The reply must repeat the listing below exactly and carry none of its pictures.

## [Supplied data]
━━━

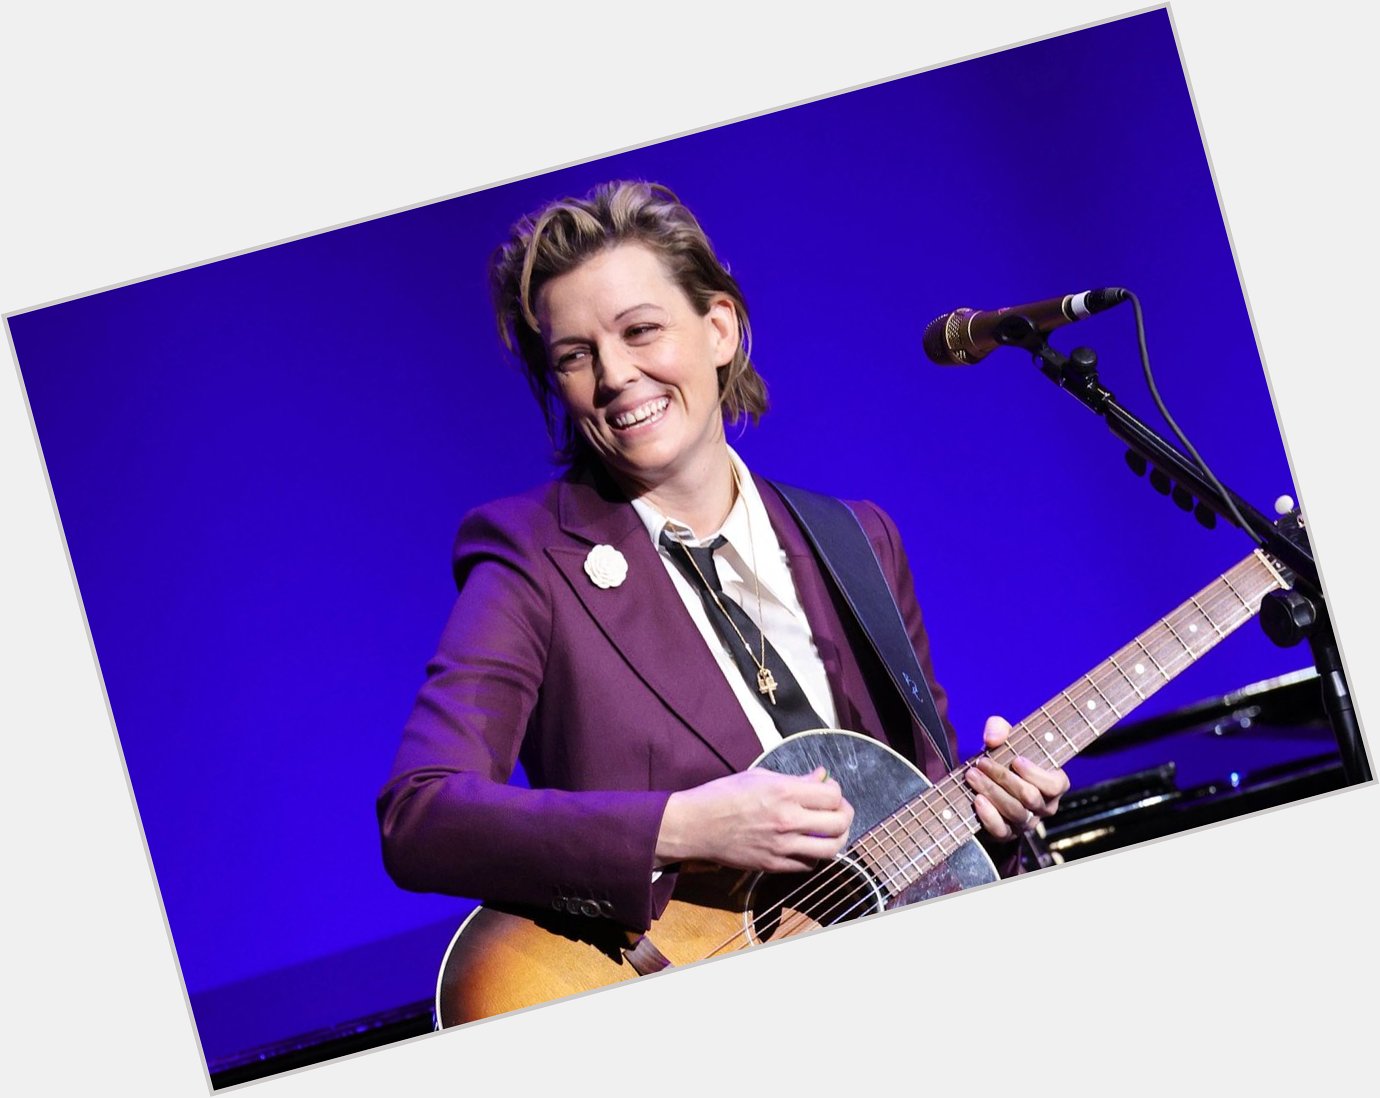 Happy Belated Birthday to an amazing singer, songwriter, and performer Brandi Carlile! 
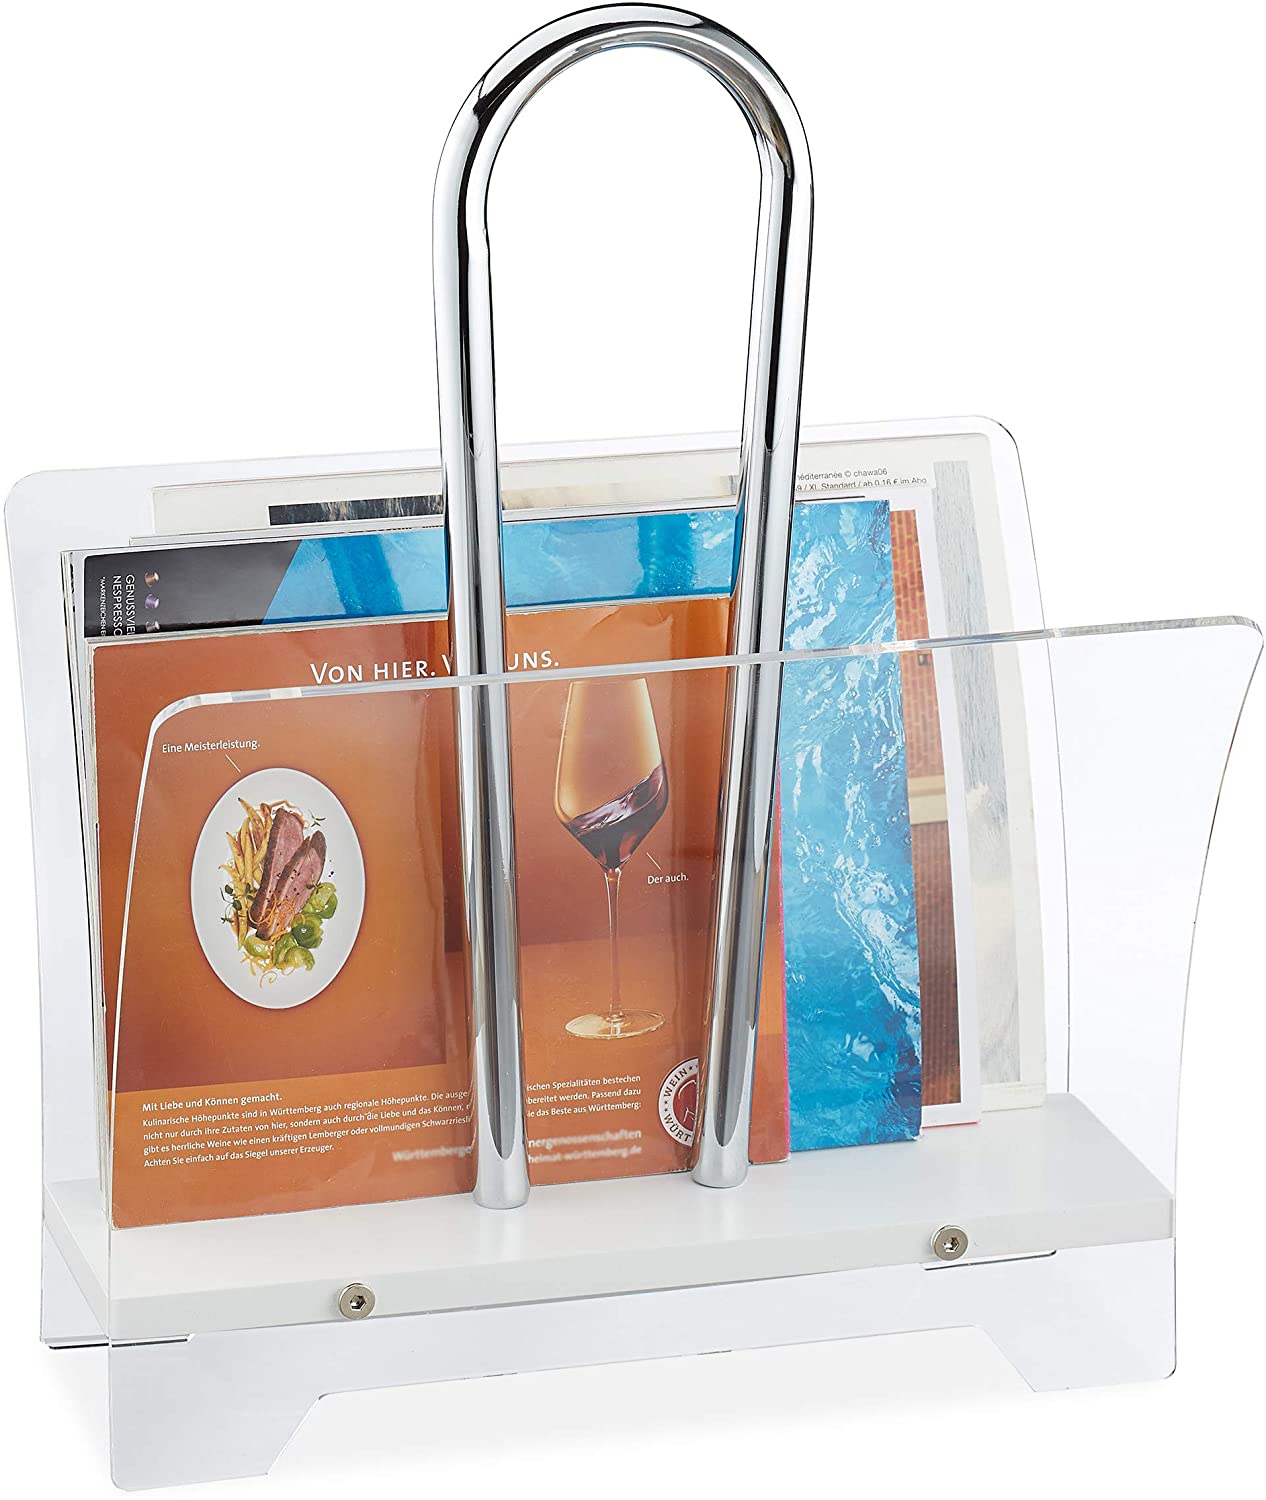 Relaxdays Newspaper Rack With Handle For Newspapers & Magazines Modern Desi
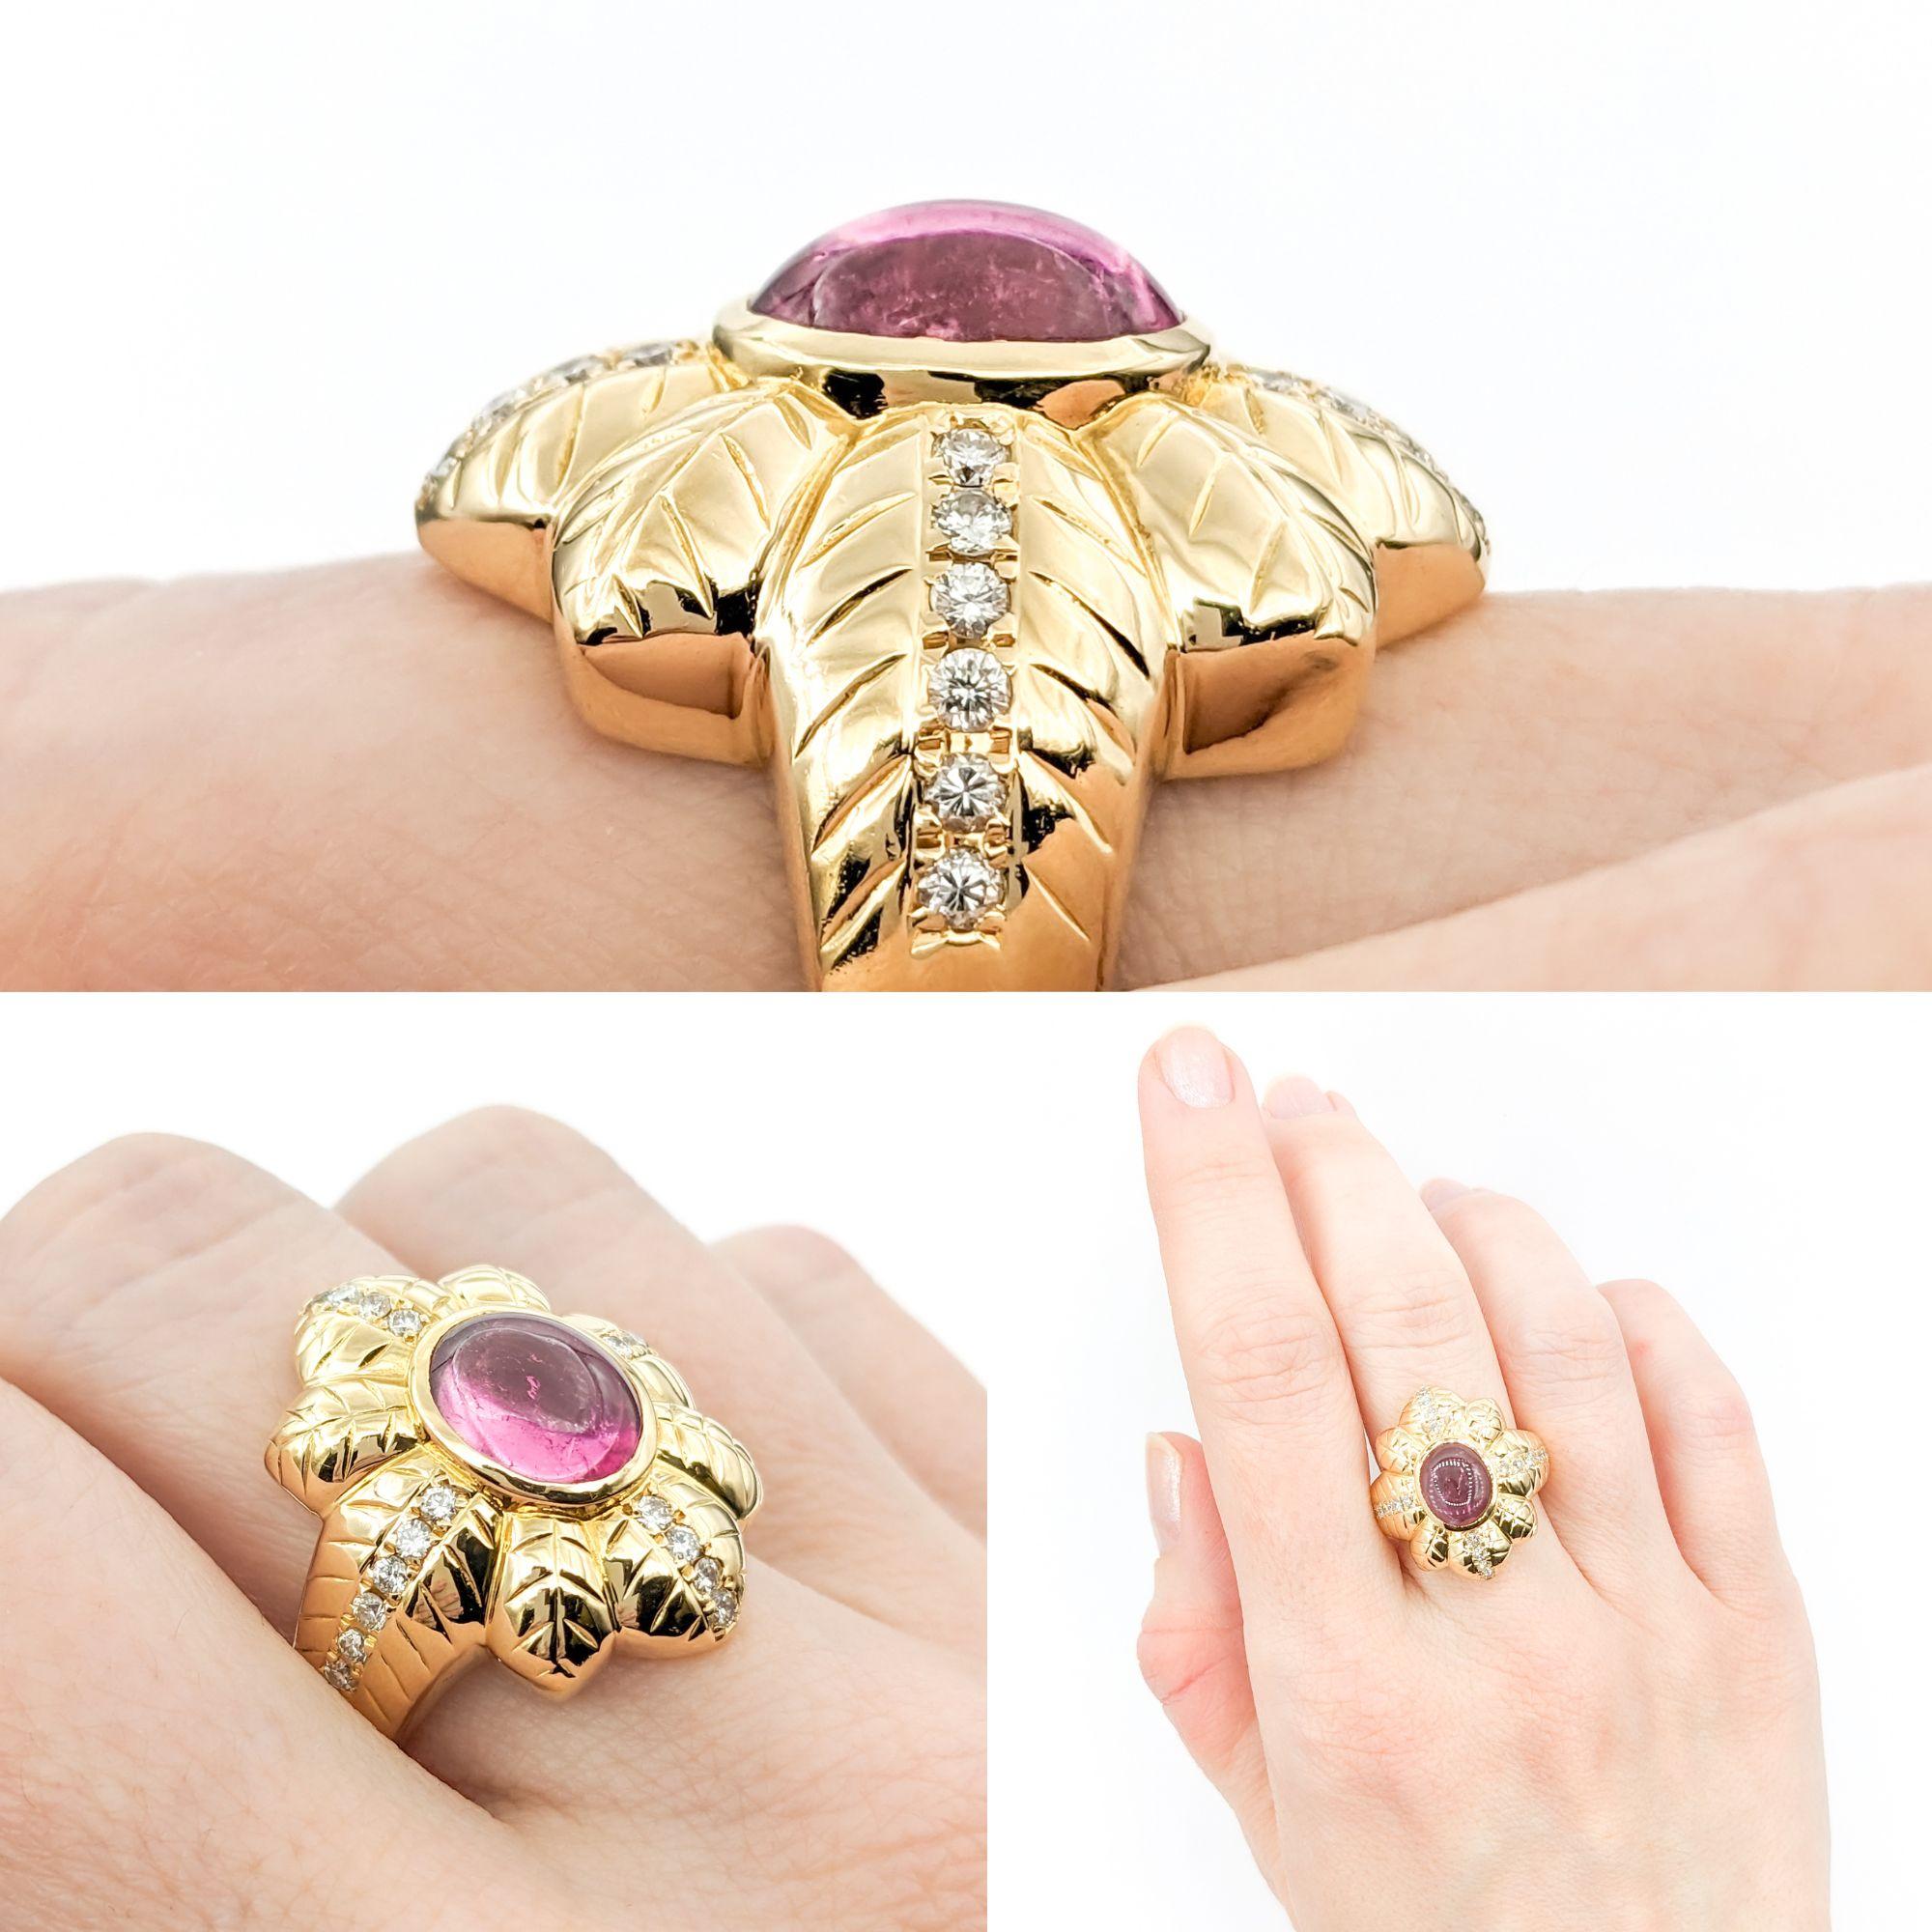 2.48ct Pink Tourmaline & Diamond Ring In Yellow Gold


This exquisite gemstone fashion ring is expertly crafted in 18kt yellow gold, featuring a stunning 2.48ct cabochon pink tourmaline centerpiece, flanked by .40ctw of sparkling round diamonds with

━━━

## [Answer]
 Happy Belated Birthday to an amazing singer, songwriter, and performer Brandi Carlile! 
 Relaxdays Newspaper Rack With Handle For Newspapers & Magazines Modern Desi
 2.48ct Pink Tourmaline & Diamond Ring In Yellow Gold


This exquisite gemstone fashion ring is expertly crafted in 18kt yellow gold, featuring a stunning 2.48ct cabochon pink tourmaline centerpiece, flanked by .40ctw of sparkling round diamonds with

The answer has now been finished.